Problem
Currently, we have the following wording in RegionBranchOpInterface
:
Only a region, i.e. a valid
index
, may use the parent operation as a successor.
I believe this is insufficient and incorrect. Specifically, this implies that the control is always transferred to a region before it is transferred back to the parent op. Since the region can only transfer the control back to the parent op from a terminator, this transitively implies that the first block of any region with a RegionBranchOpInterface
is always executed until the terminator can transfer the control flow back. This is trivially false for any conditional-like operation, e.g.
%false = arith.constant false
scf.if %false {
"this.is.not.executed"() : () -> ()
}
I observed this specifically in dataflow analyses that become incorrect due to this interpretation. For example:
// %cond is not a constant so we cannot constant-propagate it
store 0, %ptr
scf.if %cond {
// may or may not be executed
store 1, %ptr
}
// Abstract interpretation via forward dataflow indicates
// the value stored in %ptr to _always_ be "1" here, but should
// instead be a union of "0" and "1".
// Can be seen with -test-last-writer that indicates "store 1"
// as last writer but not "store 0".
load %ptr
But I suspect there are other analyses and/or passes that are affected, e.g., bufferization.
Proposal
I propose to remove the wording above and specifically allow the operation to indicate itself as a successor, thus signaling that it may not necessarily transfer control to any of its regions. By extension, region-carrying operations with no own side effects that don’t transfer control to their regions given specific values of operands are trivially dead and can be DCE’d.

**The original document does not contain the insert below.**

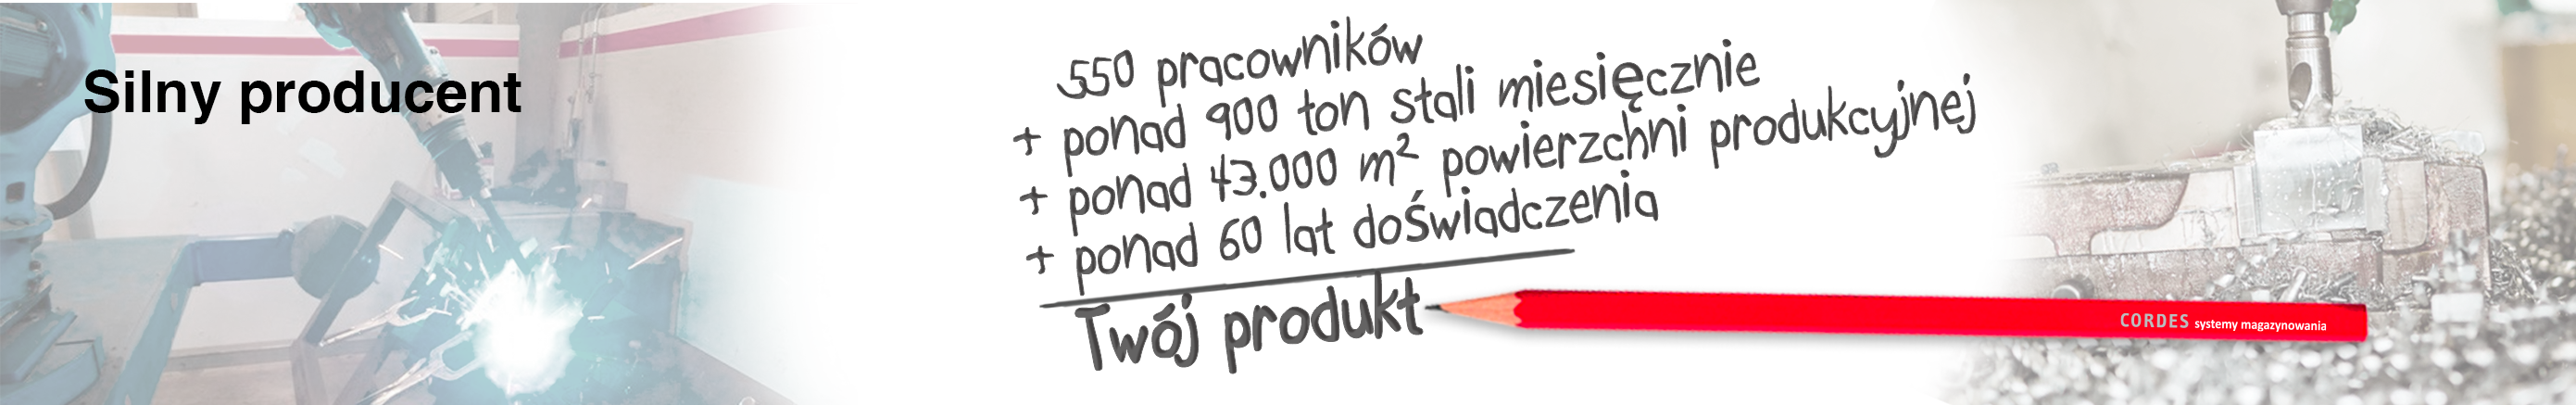 Starker-Hersteller-pl

This fixes dataflow transparently, but other passes using this interface may need to be adapted.
Alternatives
We can use the values provided by getRegionInvocationBounds
and check if a region can be executed 0
times. If so, assume the control can be transferred to any of the control flow successors of this region. In the worst case, this requires computing a transitive closure on the graph of control flow transfers between regions. The worst case is also the default one as getRegionInvocationBounds
has the default implementation indicating an “unknown” number of executions, that could include 0
times.